The real mystery

Posted: 30 May 2017 in Uncategorized
Tags: , , , , , ,

fredgraph

Neil Irwin would like us to believe there’s a mystery surrounding the U.S. economy. But it’s not what one might expect:

The real mystery. . .isn’t why wages are rising so slowly, but why they’re rising so fast.

Really?!

In Irwin’s model, workers’ wages should rise at the same rate as productivity combined with inflation. And he’s worried that wages are rising faster than that right now.

Except they’re not. And they haven’t been for decades.

As is clear from the chart at the top of the post, the change workers’ wages (hourly wages for production and nonsupervisory workers) has often surprised the rate of growth of per capita output (GDP per capita) for long periods of time. But when we add in inflation (according to the Consumer Price Index), only rarely in recent decades have wages surpassed the sum of output and price changes (during some months of some recessions). In general, workers’ wages have fallen short—in many cases, by 4 and 5 percentage points.

And that’s been going on for decades, which is why the labor share of national income has been falling. Workers produce more, prices go up, and wages rise by much less.

Even recently, after a short period when wages were rising faster than productivity plus inflation (from the second quarter of 2015 to the third quarter of 2016), that trend has continued. In the first quarter of 2017, when wages rose at an annual rate of 2.4 percent, the rate of growth of output per capita and inflation was higher, at 3.9 percent.

For Irwin, as for most mainstream economists, the real mystery is why productivity has been growing so slowly—because they cling to the idea that everyone, including workers, will benefit if only they could find some way to boost productivity.

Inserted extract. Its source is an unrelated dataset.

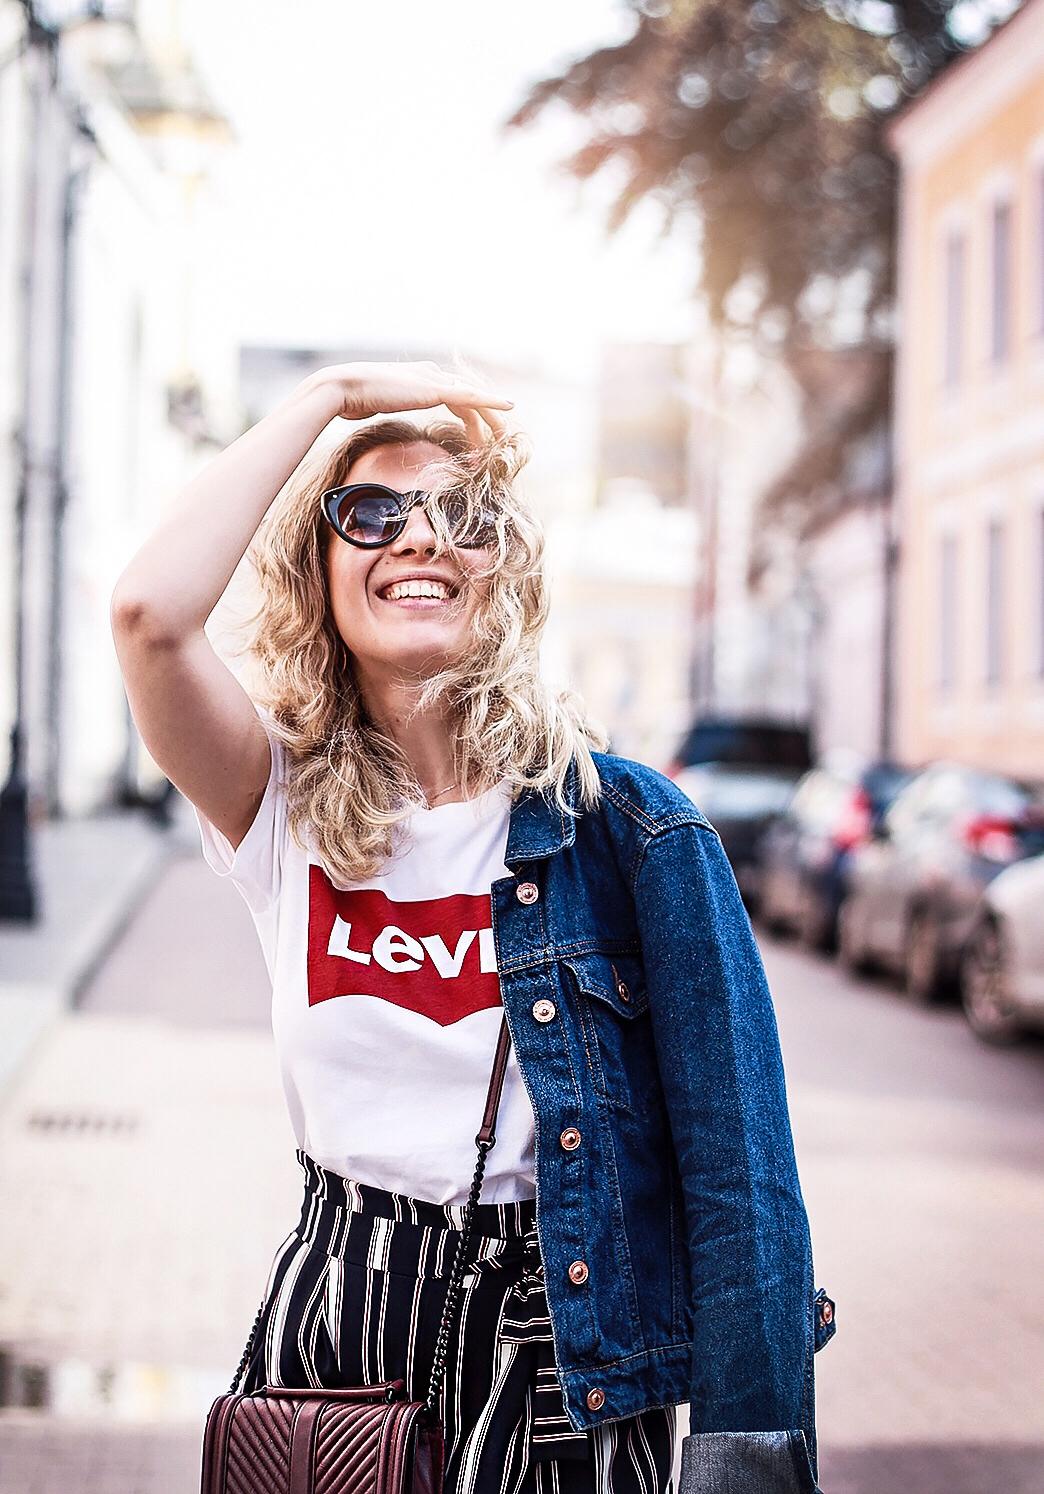 https://1.bp.blogspot.com/-kn9lYk_qUpY/WVk1_wYAFfI/AAAAAAAASm4/oMk3piEQaN4qxd5kE0uh8v7dDOSdOWBcgCLcBGAs/s1600/Rita_maslova_Levis_shirt_denim_jacket_zara_stryped_culottes_marsala_heels_russian_fashion_blogger_streetstyle_17.jpg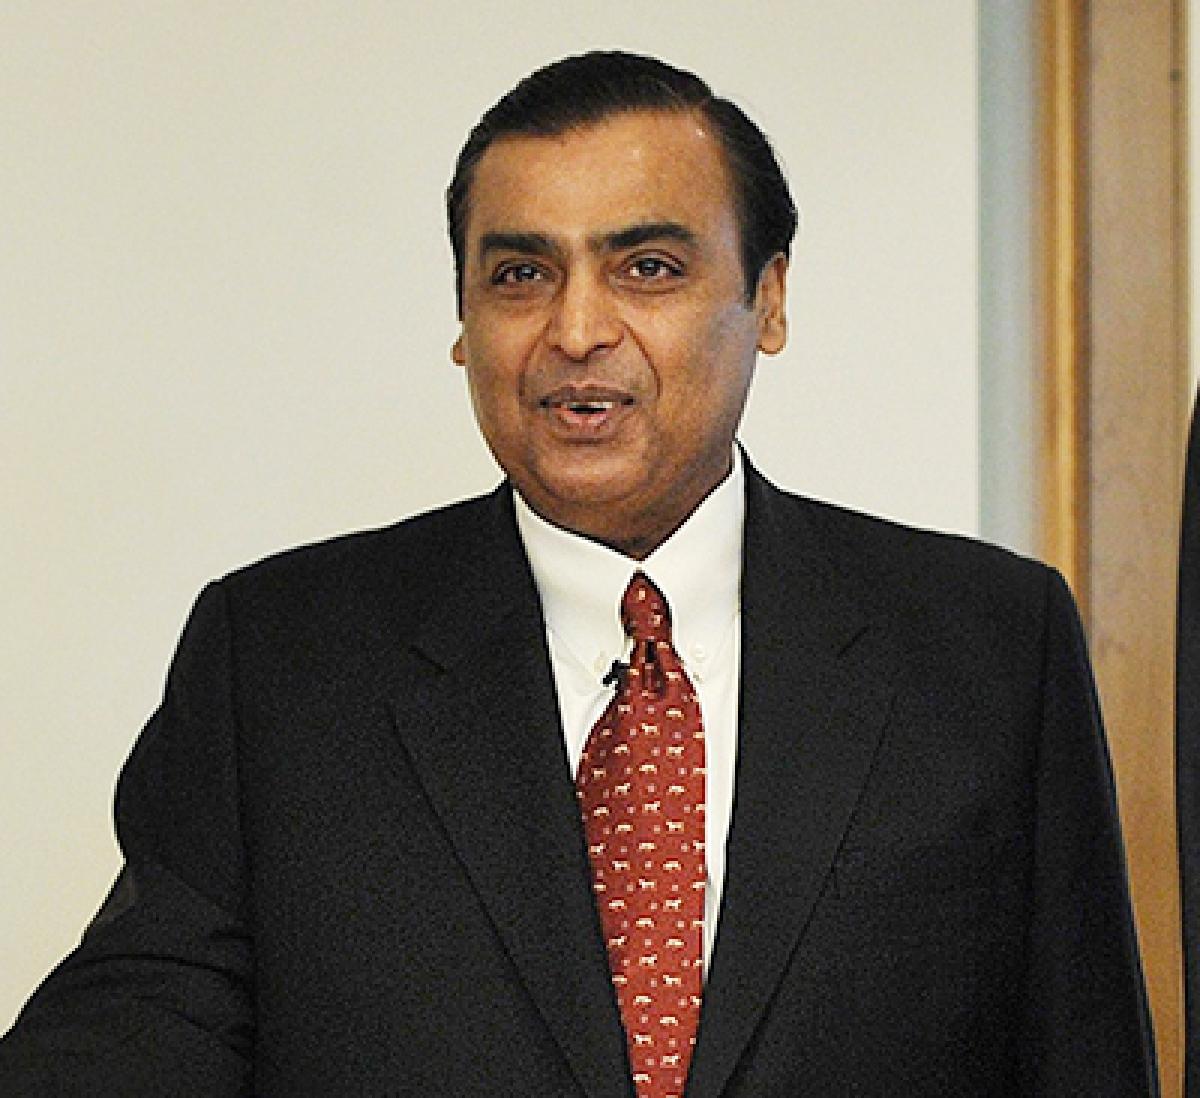 Mukesh Ambani still richest Indian in average year for billionaires: Hurun Report

But that ship sailed long ago. Workers’ wages haven’t matched the growth of the value workers produce for decades. And there’s no reason to expect that trend to change in the foreseeable future—not when employers can get away with paying workers as little as possible.

As I see it, the real mystery is why Irwin and mainstream economists continue to hold to the myth that workers will benefit from rising productivity.

It doesn’t take a Sherlock Holmes (or, if you prefer, Kurt Wallander) to figure out that, if they continue to focus on productivity and its supposed benefits, they can try to keep things just as they are right now.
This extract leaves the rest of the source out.